Artifacts Log 3: Synthetic math and Magpie datasets, another 1T param model, and many Mistral models
Artifacts ~124 and on for the year.
Reminder — no audio for these posts. Previous Issues can be found here.
This is the first data-heavy issue of Artifacts Log, which is what is needed for keeping the gap from closed to open models roughly stable. Especially in post-training, the lack of datasets (especially at scale), is by far and away the biggest factor holding open recipes back. For example, the most popular post-training dataset, UltraFeedback, has only about 50 thousand samples. Llama 3.1 is rumored to use million(s) of datapoints at least.
This series is pretty useful for me, and hopefully to you. The craft of releasing an open model is getting refined before us, and the artifacts out there are continuing to mature.
I’m going to start paywalling half of this series. They’re mostly additions to Interconnects, rather than the core product, and paywalling them will give me valuable data (and of course money) along the way to expanding and improving Interconnects.
In other news, CA SB 1047 is going into House committee this week. The press machines on both sides, for and against, will be going strong. Some readings you may consider on the matter.
My post, where I’m mostly concerned about the use of thresholds and how to handle downstream accountability for open weight models (my personal views).
My interview with Dean Ball (author of
) on the bill and related topics.Anthropic’s proposed amendments to the bill.
Elsewhere from me
A few quick updates in the post-training space before I move on to the primary part of the post (you’ll see one of the datasets below).
I gave a talk for my recent work on synthetic data, Self-Directed Synthetic Dialogues and Revisions, where I discussed a workflow for constructing multi-turn synthetic datasets with open language models (slides). I include a roundup at the end on a bunch of datasets covered in this post (and previous issues): Magpie, Nvidia’s Daring Anteater, Personas, and more.
I gave a short talk on our work from earlier this year on DPO vs. PPO (slides). The correct way to look at this is that data rather than method is the best way to improve post-training. If you do max out data, then switch to PPO.
We released some simple Gradio chat demo tools at Ai2. This includes tools for side-by-side demos, safety filter integration (like Llama Guard), saving data, etc. Lots of little things that would be too burdensome to add to vanilla Gradio.
OLMo-1B-0724-hf by allenai: We updated our OLMo 7B model with some small improvements to training data and annealing techniques. A pretty minor bump, but we have some exciting new models coming soon. An interesting thing I’ve learned about pretraining is how loss spikes often relate to “skipped tokens,” making the models worse at a fixed compute budget. This is because the gradients is loss spikes get clipped and the data effectively does nothing.
Datasets
NuminaMath-TIR by AI-MO: This is a synthetic math dataset (GPT-4 completions) with tool-use to verify the outputs. This is exactly the type of data I think can cause huge gains in the open. It was used in a winning submission (by some of my former colleagues at HuggingFace) for a math competition. More items can be found in the collection.
Daring-Anteater by nvidia: This is a synthetic dataset used to train Nemotron 340B, containing conversations, structured JSON output, verifiable instructions, math, roleplay, and more. We found it to be very useful.
Magpie-Pro-MT-300K-v0.1 by Magpie-Align: A super interesting synthetic dataset where clever manipulation of special tokens has models create prompts themselves (and then completions).
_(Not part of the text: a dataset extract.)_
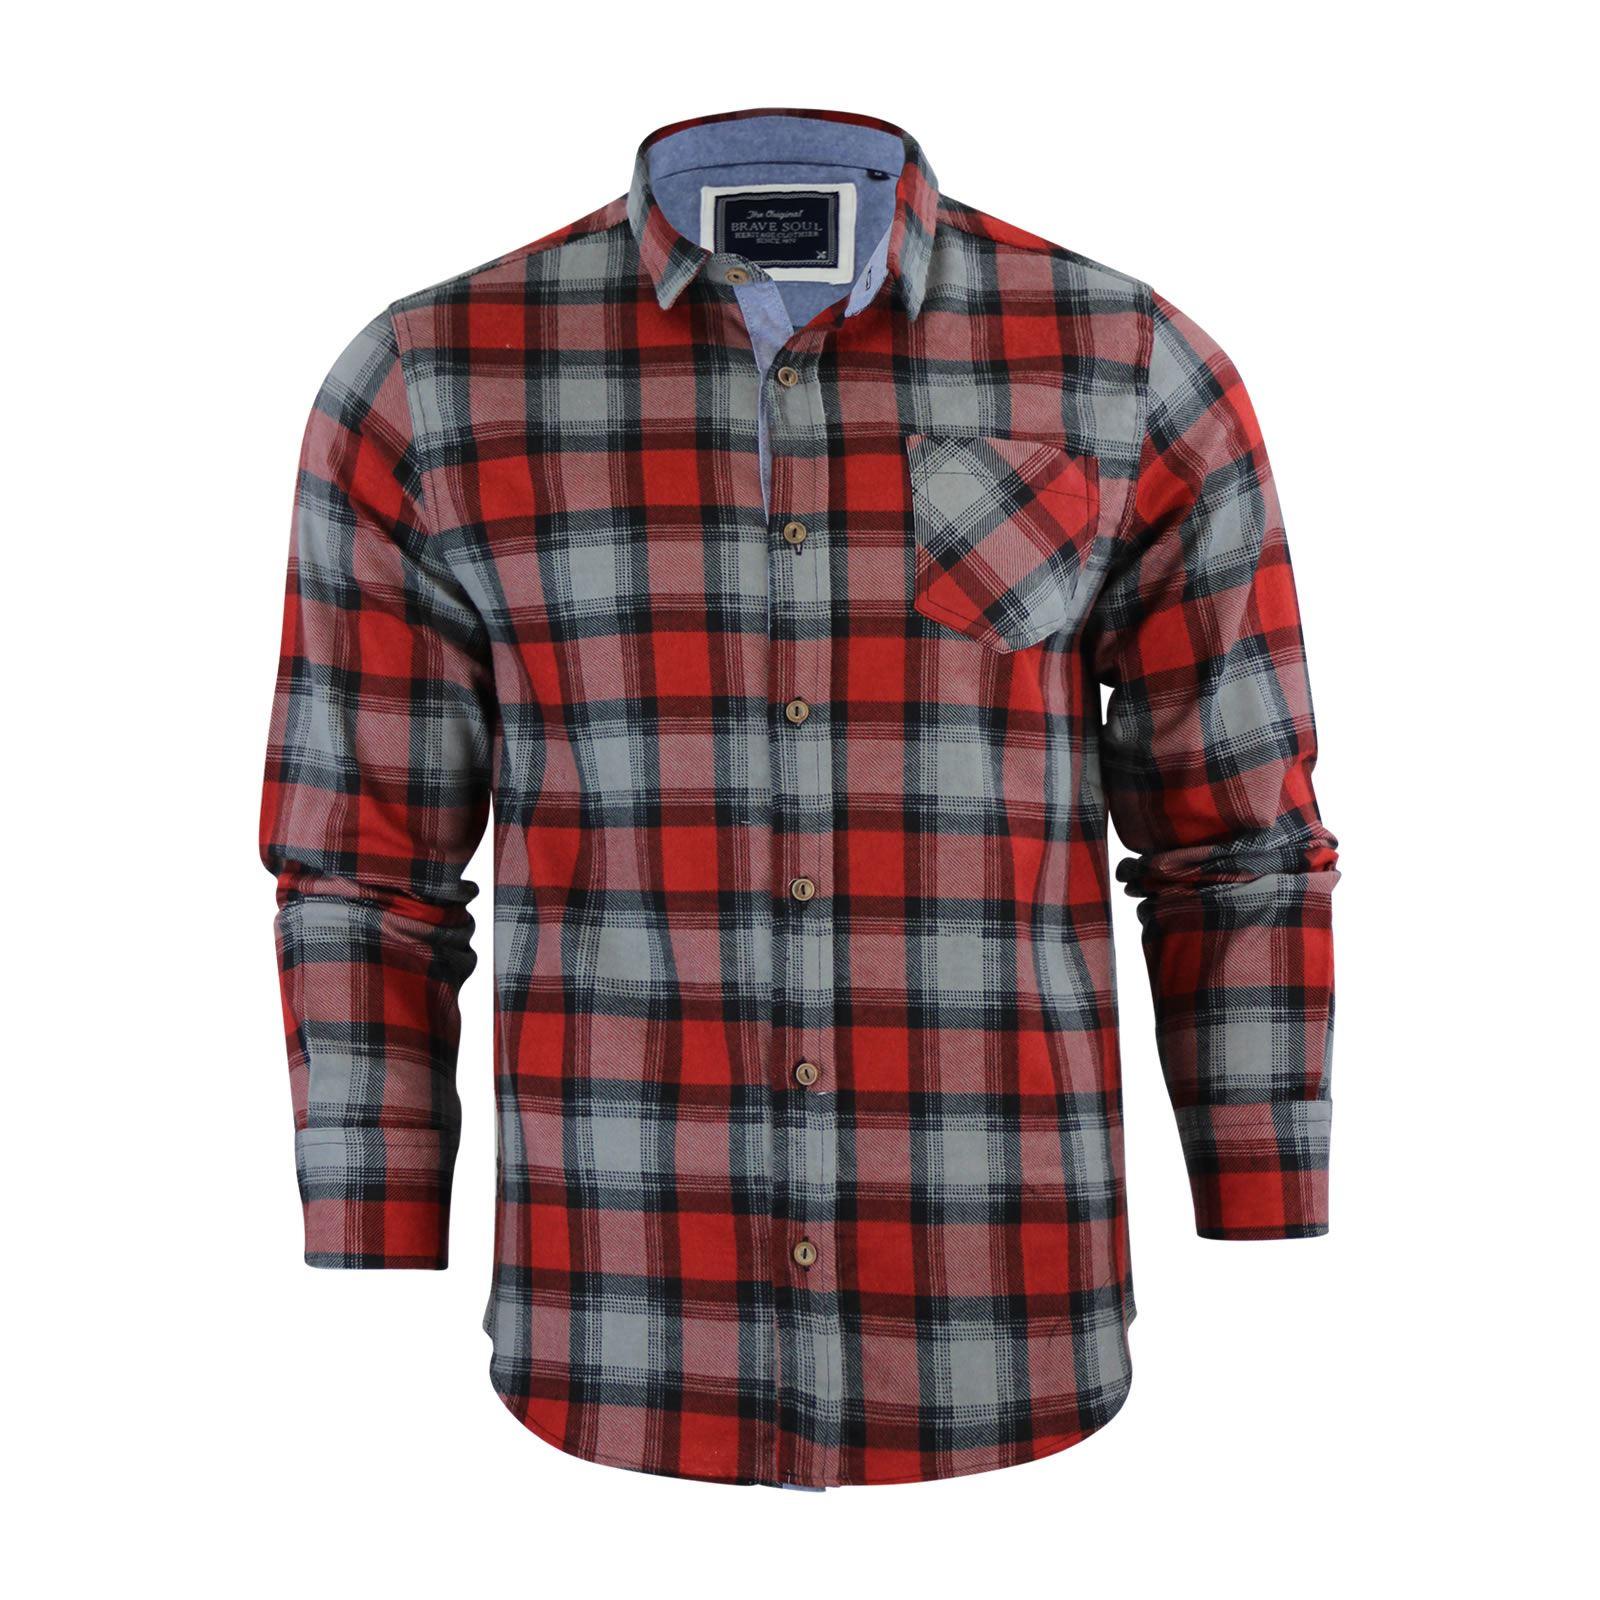 Alma-VALIENTE-HOMBRE-compruebe-Camisa-Algodon-Cepillado-De-Franela-Top-Manga-Larga-Casual miniatura 37

There’s also magpie-ultra-v0.1 by argilla, which is a version of this with Llama 405b and filtering. Read more about the Magpie method on Ahead of AI.
PersonaHub by proj-persona: This is a very large synthetic dataset of prompts with system prompts that is released as a part of a project that is hoping to create “1 billion personas.” This seems like a decently diverse prompt dataset, but if nothing else helps you track what major synthetic datasets look like.
hungarian_national_hs_finals_exam by keirp: An interesting evaluation dataset for math exams. When Grok-1 was released, this was their held-out set in face of GSM8k and MATH contamination. Mostly a funny find — seems like they’re transcribed by hand.
xlam-function-calling-60k by Salesforce: A high-quality (including human verification and filtering) function calling dataset. Early seeds of open-source language model agents.
Infinity-Instruct by BAAI: A new 1 million plus instruction set by compiling existing datasets, tagging them by category, filtering, and modification. I think there are a lot of projects in the open source like this, but it’s not easy to keep track of.
Models
Base
SmolLM-1.7B by HuggingFaceTB: HuggingFace released some decent small language models (135M, 350M, and this). Great to have more attention here. They also released a very fun demo that runs in your browser.
DCLM-7B by apple: Apple released a baseline for the open collaboration DataComp for Language Models (DCLM). This is a stronger model than OpenELM was, so let’s see where they take this.